What is Via Covering?
Via covering, also known as via capping, Via Filling, or via plugging, is a PCB manufacturing process that seals the top and/or bottom openings of vias with a non-conductive material. The primary purpose is to cover any exposed via holes, creating a smooth, flat surface on the outer layers of the board.
The via covering process typically involves applying a mask or resin material over the vias, then scraping or sanding the surface to remove any excess and planarize the board. The end result is a PCB with no visible via openings on the top and/or bottom layers.
Via Covering vs Via Filling
While the terms are sometimes used interchangeably, via covering and via filling are slightly different processes:
- Via covering seals the openings on the top and/or bottom layers, but leaves an air gap inside the via barrel
- Via filling uses a conductive or non-conductive material to completely fill the via barrel from top to bottom
In general, via covering is used more for surface mount assembly and aesthetic reasons, while via filling is used for thermal management, high-speed signaling, or impedance control. However, both serve to eliminate exposed via openings.
Benefits of Via Covering
Covering vias on a PCB provides several important benefits for manufacturing, assembly, and reliability:
Improved Solderability
Exposed vias can cause issues during solder paste printing and reflow soldering of surface mount components. If there are open vias near SMT pads, solder paste can flow down into the vias, robbing solder from the component leads. This can lead to poor solder joints or even completely missing solder connections.
By covering the vias, the solder mask provides a barrier to prevent Solder Wicking and ensures proper solder volume on the SMT pads. This improves manufacturing yield and reduces soldering defects.
Better Surface Planarity
Covering vias creates a flatter, more planar surface on the Outer PCB layers. This is critical for fine-pitch surface mount assembly, as even small surface irregularities can cause component misalignment or poor solder joints.

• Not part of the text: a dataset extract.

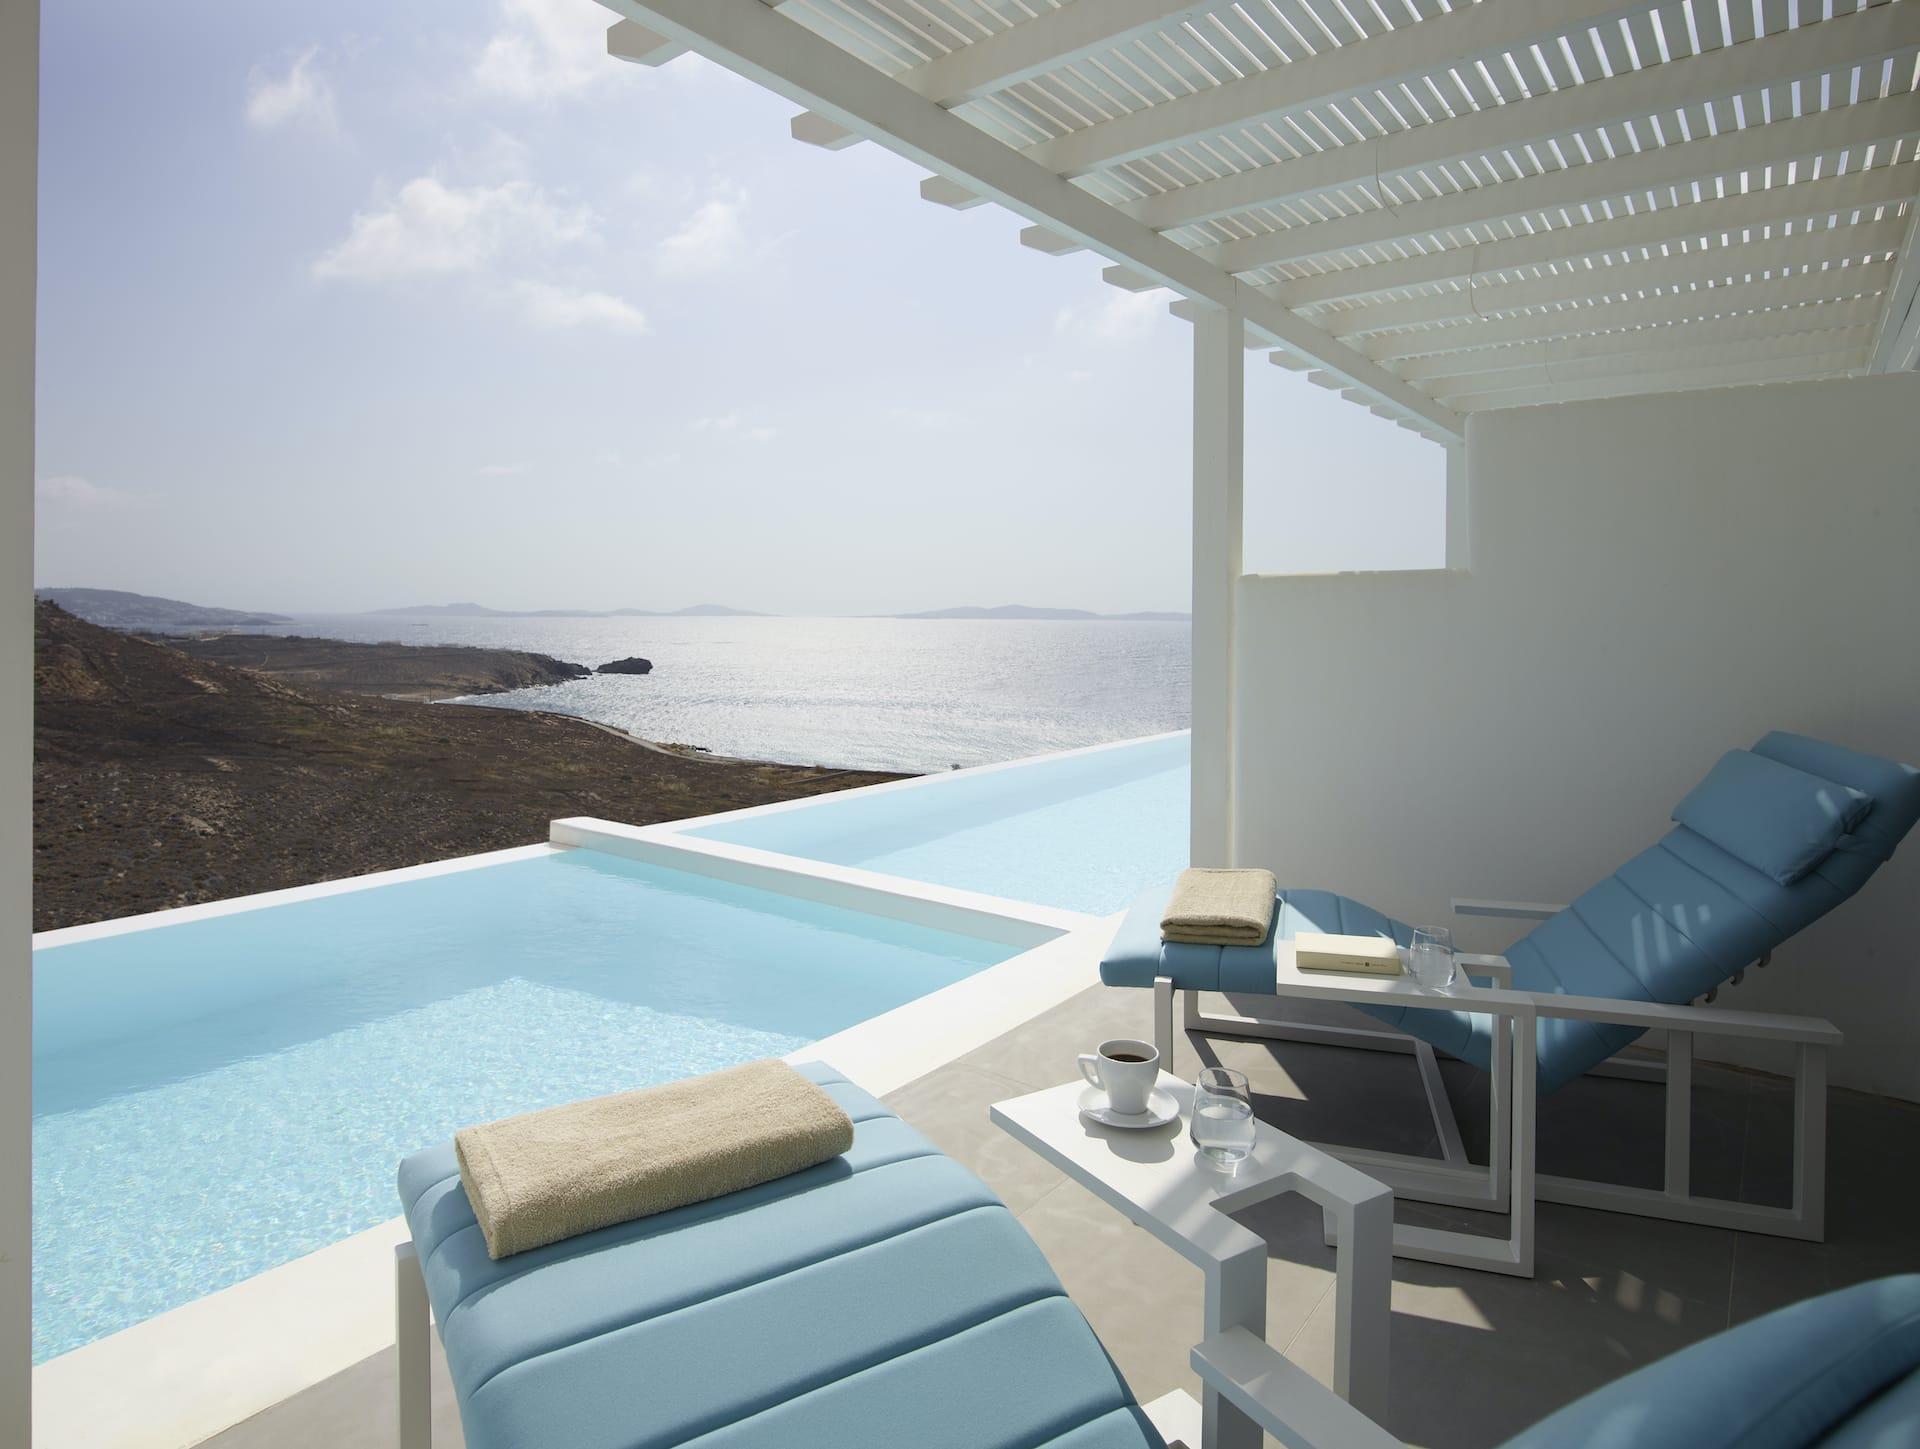 The Epic Blue Hotel Premium Suite in Houlakia, Mykonos

A planar surface also enables the use of smaller stencil apertures for solder paste printing, allowing tighter geometries. Planar substrates are also essential for flip-chip and ball grid array (BGA) assembly to ensure proper solder ball collapse and joint formation.
Reduced Contamination
Exposed vias, especially those that extend all the way through the board, provide openings for flux, cleaning chemistries, and other contaminants to enter the PCB during assembly. Contaminants can migrate through the board and cause corrosion or dendrite growth over time, degrading reliability.
Covering the vias helps seal the board and prevent liquid and gaseous contaminants from penetrating into the PCB. This is especially important in harsh environment applications where the assembly may be exposed to moisture, chemicals, or extreme temperatures.
Improved High-Frequency Performance
At high frequencies, vias can act as resonant cavities or stubs that cause signal reflections and distortions. The impedance discontinuity presented by an open via barrel can degrade signal integrity on high-speed nets like DDRx and SerDes interfaces.
While via filling is the typical solution for high-speed applications, via covering can also help mitigate the stub effect by shortening the resonant cavity. Covering vias is often used in combination with back-drilling to remove the unused portion of the via barrel.
Enhanced Aesthetics
Finally, via covering provides a cleaner, more professional appearance on the outer layers of the PCB. This is important for consumer electronics and other products where cosmetic blemishes are unacceptable.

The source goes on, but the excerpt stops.